The Passing of Dr. Walter Williams

Conservative black patriot, Economist Walter Williams, died suddenly last week, literally after having taught a class at George Mason University, his academic home-base for 40-years.  Referring to Dr. Williams as the “heart and soul” of the George Mason economics department, no doubt molding it over the years to become an outstanding one that “unapologetically resists the trend of teaching economics as if it’s a guide for social engineers,” wrote his long-time colleague, Donald J. Boudreaux.

The author of 13 books, and an occasional guest host for Rush Limbaugh, Walter Williams was known for his “intelligent and bold defense and advocacy of free markets and individual liberty, and his cogent deconstruction of the welfare state and such destructive liberal policies as rent control and the minimum wage.”

Yet, wrote his life-long close friend and fellow intellectual, Dr. Thomas Sowell: “Despite his (Williams) opposition to the welfare state, as something doing more harm than good, Walter was privately very generous with both his money and his time in helping others.  He figured he had a right to do whatever he wanted to with his own money, but that politicians had no right to take his money to give away, in order to get votes.”

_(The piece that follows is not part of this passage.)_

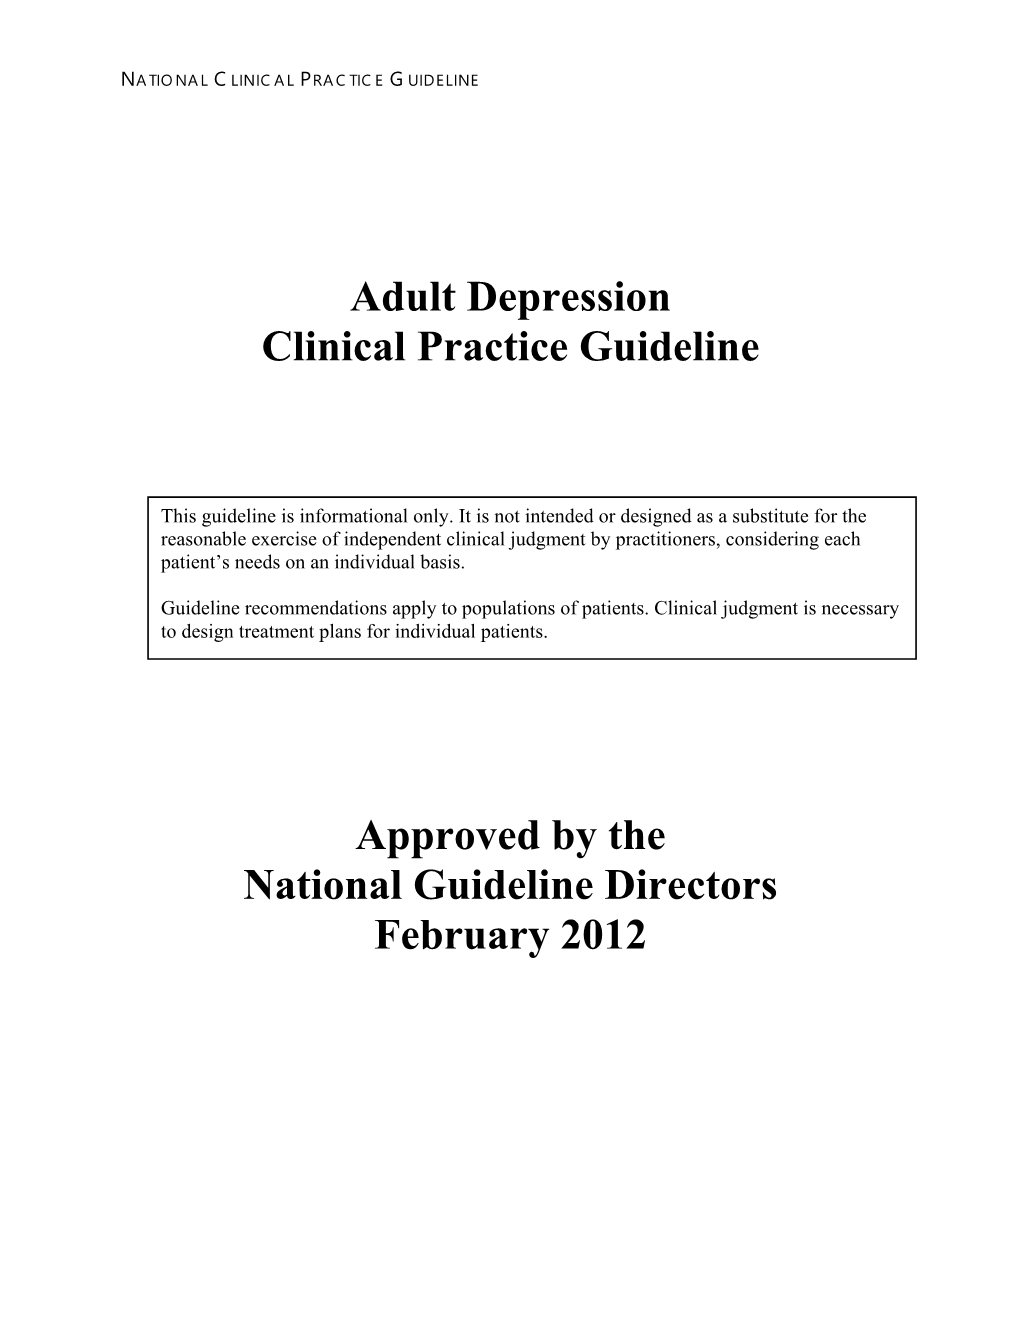 Adult Depression Clinical Practice Guidelines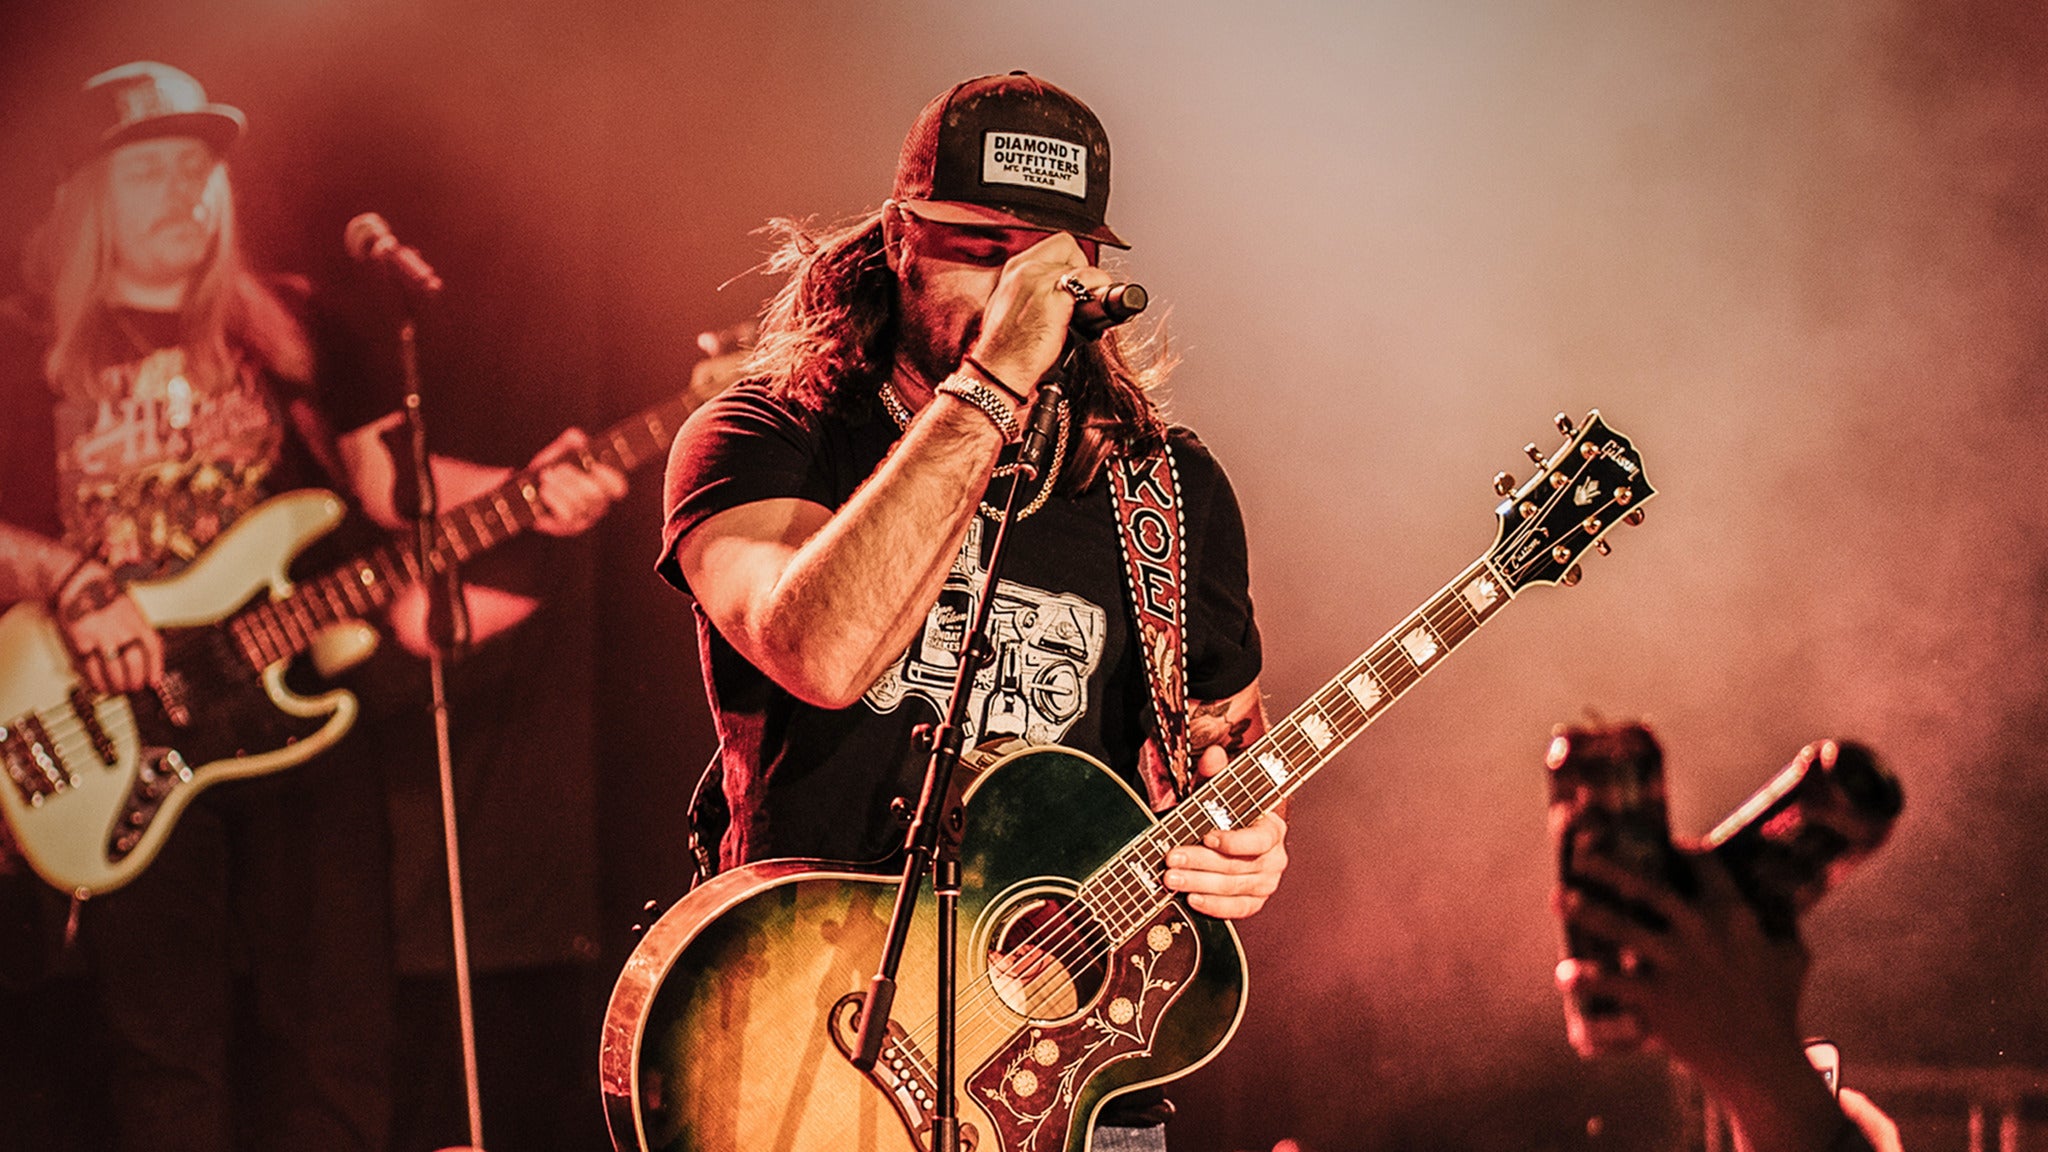 Image used with permission from Ticketmaster | Koe Wetzel tickets

In addition to authoring books and publishing countless articles, Williams wrote a regular print column.  His last such, published shortly before his untimely death, dealt with the education (or more correctly, the on-going mis-education of urban black youth in too many of our very largest cities.  He wrote: “Several years ago, Project Baltimore began an investigation of Baltimore’s school system. What it found was an utter disgrace.  On 19 of Baltimore’s 39 high schools, out of 3,804 students, only 14 of them, or less than 1%, were proficient in math.  In five Baltimore City high schools, not a single student scored proficient in math or reading.”  Despite those results, the Baltimore schools “had a 70% graduation rate.”  Concluded Williams, those schools are “a fraud that is perpetrated on parents and taxpayers.”

Along with illustrating similar results in Detroit’s public schools in that last column, he also lamented the “deterioration” within school environments, not only the increased prevalence of violence, but also behavior and “disrespect for teachers.”  Wrote Williams about the latter: “Years ago, much of the behavior of young people that we see today would never have been tolerated.  There was the vice principal’s office where corporal punishment would be administrated for gross infractions. If the kid was unwise enough to tell his parents what happened, he might get more punishment at home.”

Hearing the news of Dr. Williams passing, Senator Ted Cruz (R-TX) stated: “Walter Williams was legendary.  He was brilliant, incisive, witty, and profound.  I grew up reading him. He was a ferocious defender of free markets, and a powerful explainer of the virtues of liberty.”

Concluding his comments about the life and contributions of his incredible colleague, Donald Boudreaux wrote further: “Walter was a scholar’s scholar.  He was one of America’s most courageous defenders of free markets, constitutionally limited government, and individual responsibility.  He was a tireless champion of American values.”

Not only will this nation miss the continuing conservative wisdom of Dr. Walter Williams in more normal times, but his common-sense perspective will be even more badly missed, and needed, as we head into a period of anticipated over-reaching federal government policies and actions under the likely Progressive (i.e., dismantling) control of our incredible republic, which needs not to be “transformed,” but since now threatened, is in dire need of being firmly preserving forever.


(George Mason department quotes via The Wall Street Journal, Donald J. Boudreaux, 12-3-20; William’s views quote via, Larry Thornberry, 12-3-20; Sowell quote via, Thomas Sowell, 12-3-20; Last column quotes via, John Hinderaker, 12-3-20; Cruz quote via, Larry Thornbery, 12-3-20; Boudreaux concluding quote via The Wall Street Journal, Donald J. Boudreaux, 12-3-20).